Watering Hole Attacks

A watering hole attack is one way that hackers can go after an individual organization or type of organization. Unlike a phishing attack it is designed to infect websites that people are known to frequent based upon where they work. For example, they could infect the website of a delivery pizza service near the bank or another intended target. Or they could infect a website that lawyers might frequent, like the county civil court. A watering hole attack too can work when phishing is not working, because employees have been carefully trained to look out for that.

The watering hole principle is target to the weakest link, an approach that has been shown to work in cyber or any kind of attack. The term “watering hole” means a bar people frequent as well as a source of water where animals can drink.

If the target is a bank - who presumably has the best security available - then one way to attack the bank is to attack websites bank employees use. Then they can download malware onto the employee’s computer and proceed to attack other computers and networks from there.

A waterhole attack can be part of a advanced persistent threat (APT). In this type of attack the hacker spends time profiling their victims and months or even years probing their defenses. An APT attack is usually launched against an organization that is well defended.

The hacker studies the watering hole web sites and looks for ones that have some vulnerability. Then they can change the HTML and JavaScript code to load pages or section of pages from websites where they have installed malware. The malware can then user zero-day flaws in browser plugins like Adobe or other techniques like hiding JavaScript in png image files.

watering hole attack

Security Week reports that Chinese hackers attacked Forbes.com this way. They put their malware in the “Thought of the Day” popup, which anyone who visits Forbes is familiar with as it is the first page to pop up. The hackers were looking to attack individuals in the financial services industry. The malware they planted went after zero-day defects in Adobe Flash and IE.  The article did not say how the hackers infected the Forbes site.

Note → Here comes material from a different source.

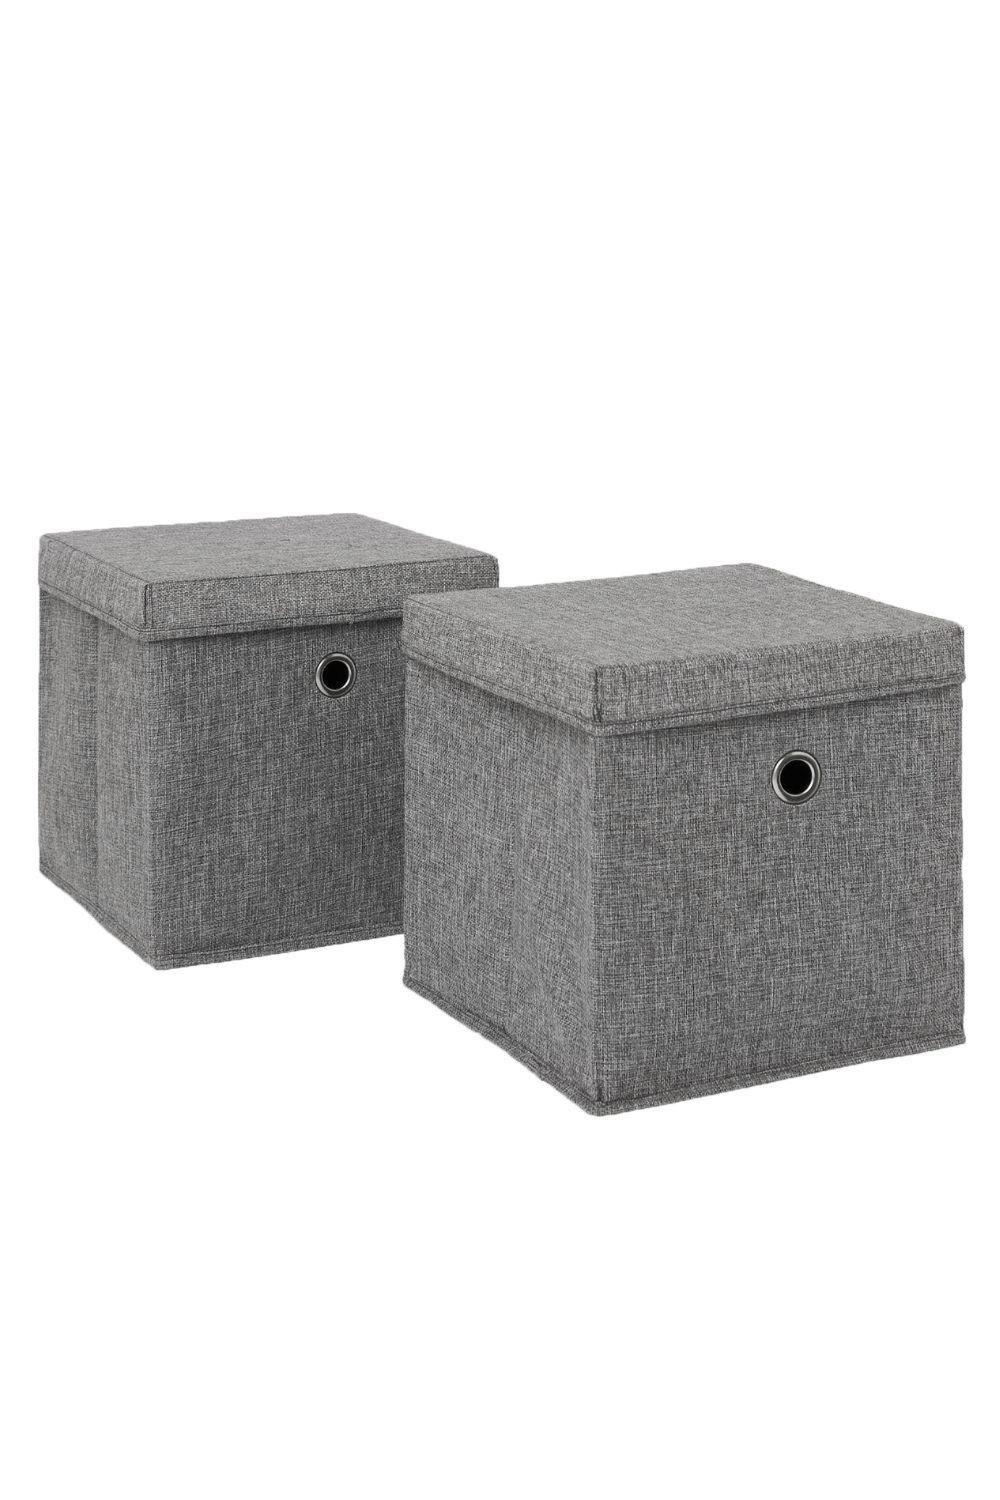 OHS 2 x Fabric Storage Boxes with Lid Foldable Square Organiser|charcoal

The North Korean hacker group Lazarus was blamed this month for using this approach to plant very sophisticated malware which they used to target banks in Poland. This is the same hacker group that previously stole $81 million USD from a central bank in Bangladesh and attacked SONY Pictures after it made a film that mocked that country’s leadership. They planted their malware on the site of the Polish Financial Supervision Authority (KNF). There is concern in the banking industry that such a sophisticated group of hackers are apparently now going after banks, especially central banks. The attack in Bangladesh went after the SWIFT international payment system, which is not connected to the internet at all. It was not compromised directly, but systems connected to it, including manual ones, were.